* Task instructions
Carry none of the pictures over; write out the complete data exactly.

* Collected material

Start of Block

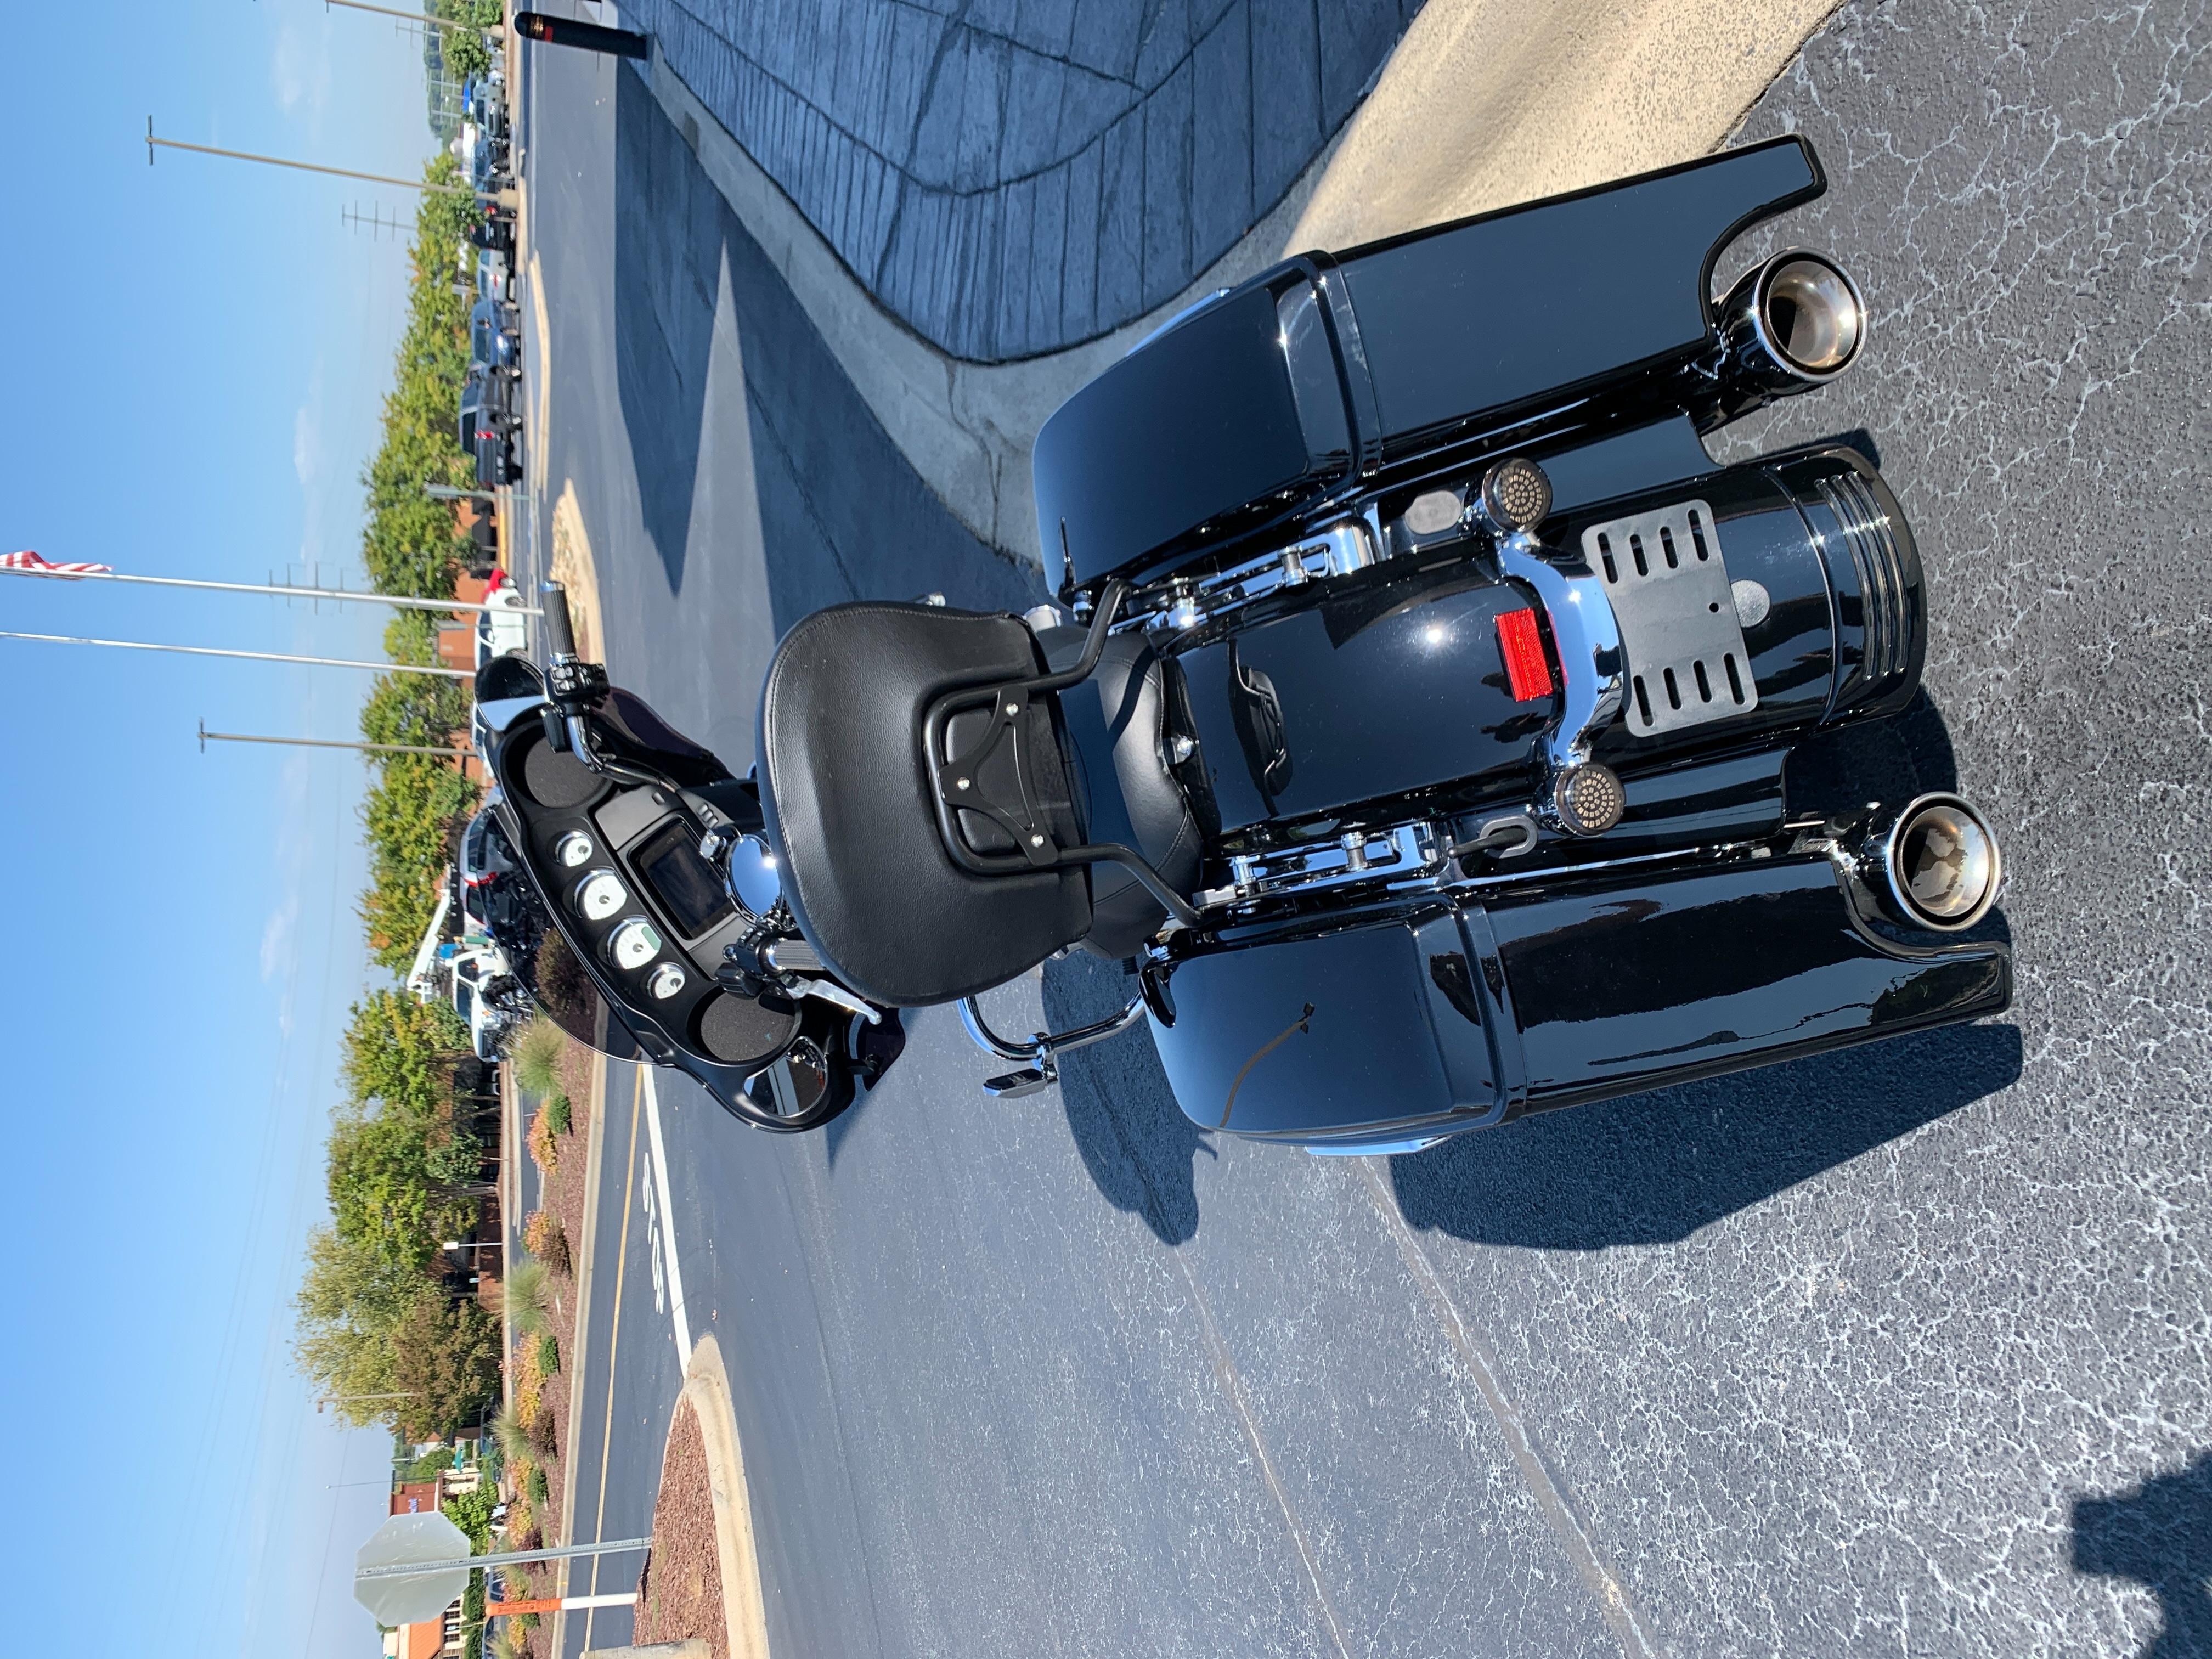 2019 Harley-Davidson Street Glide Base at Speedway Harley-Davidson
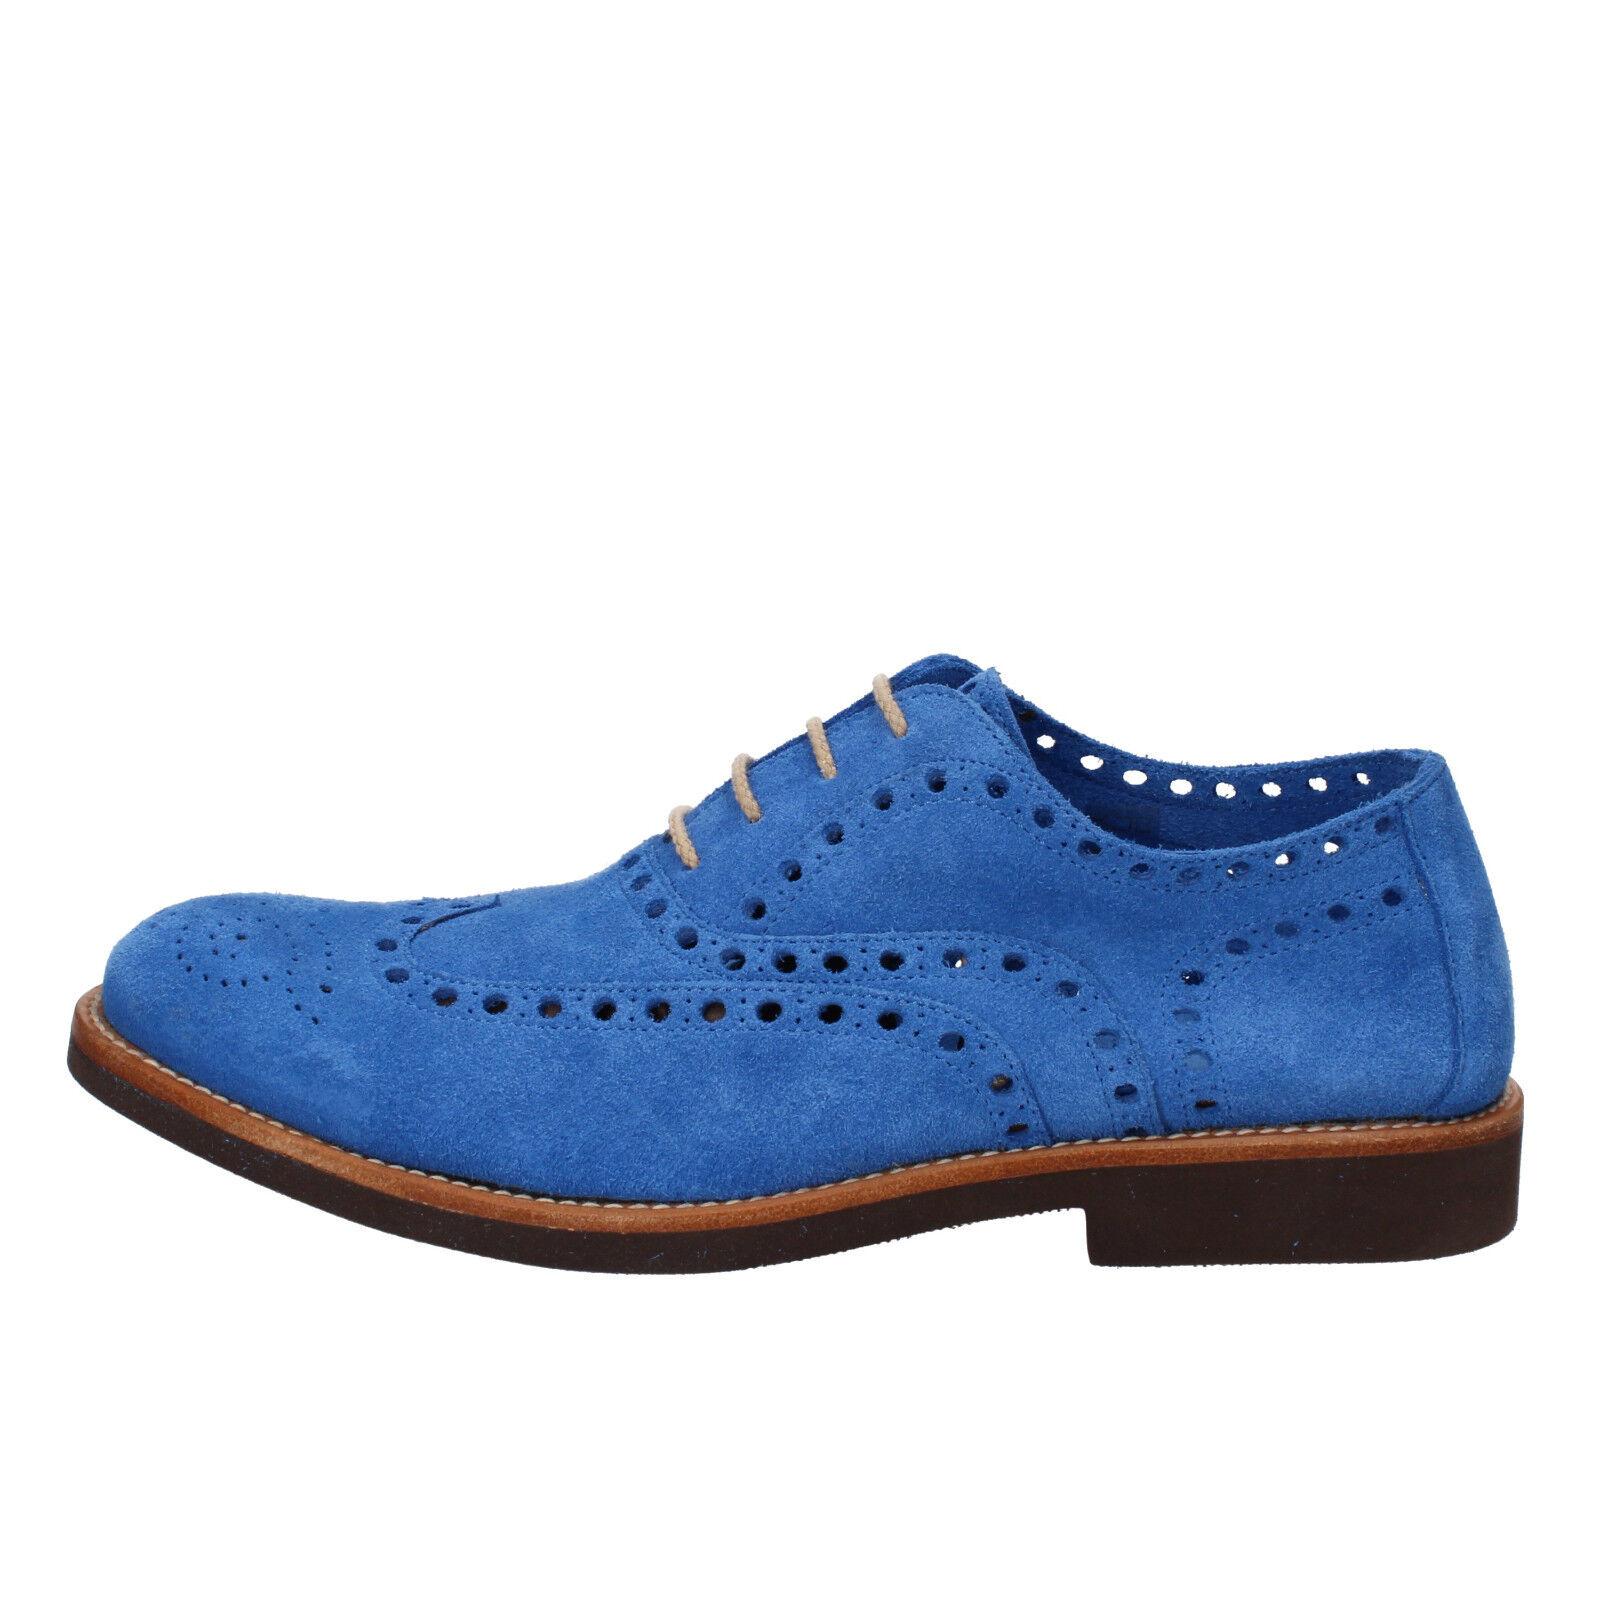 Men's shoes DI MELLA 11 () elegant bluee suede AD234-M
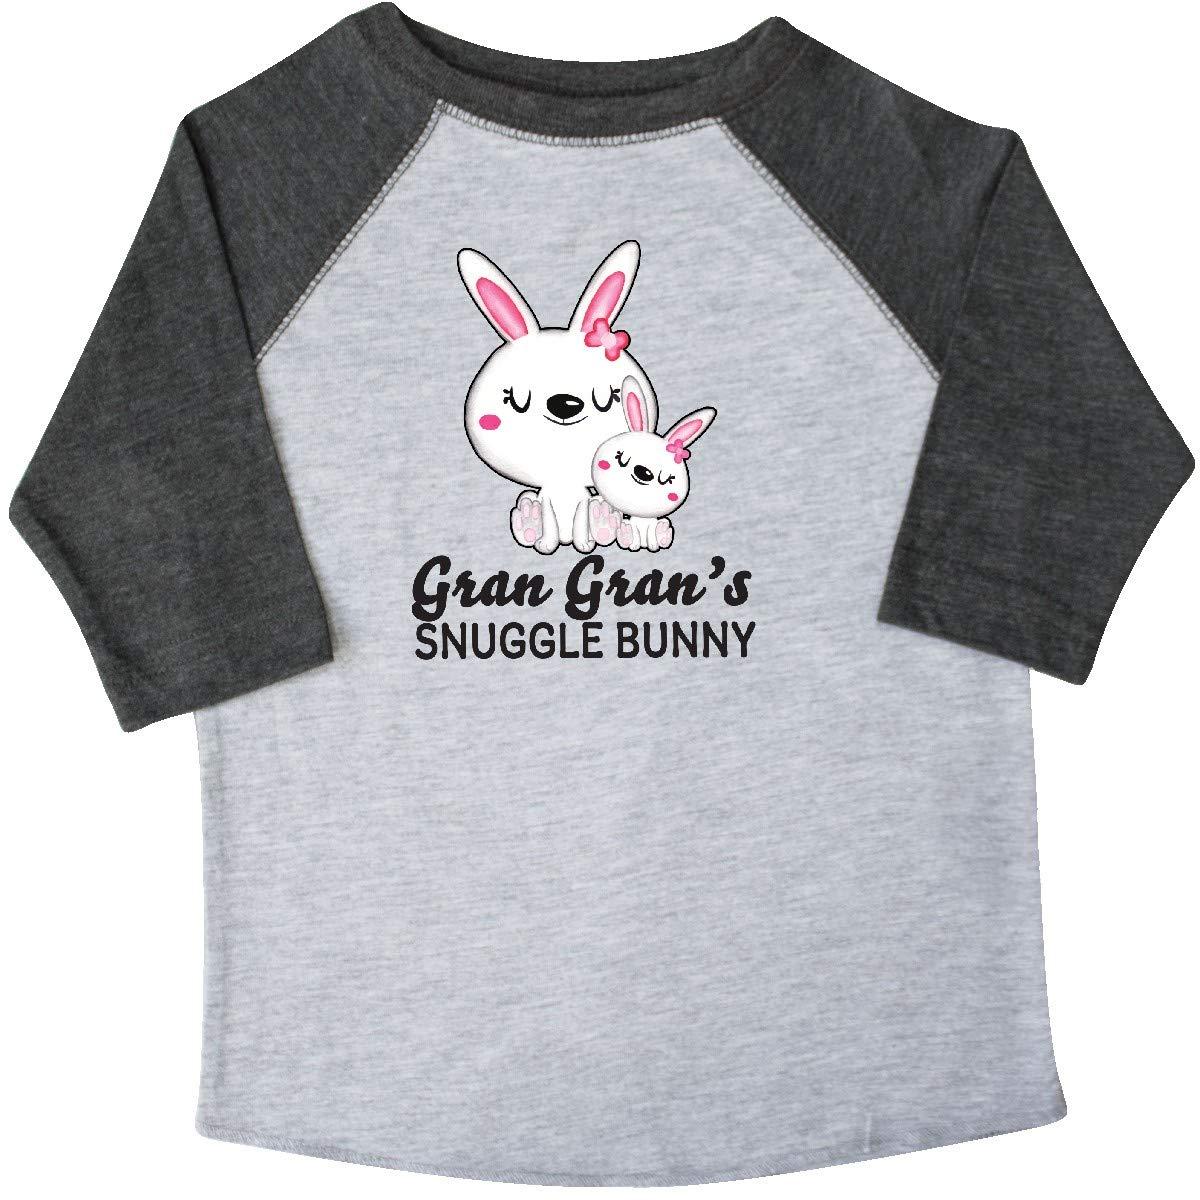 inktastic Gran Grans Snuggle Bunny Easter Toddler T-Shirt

End of Block

* Solution to the problem
 2019 Harley-Davidson Street Glide Base at Speedway Harley-Davidson
 Men's shoes DI MELLA 11 () elegant bluee suede AD234-M
 inktastic Gran Grans Snuggle Bunny Easter Toddler T-Shirt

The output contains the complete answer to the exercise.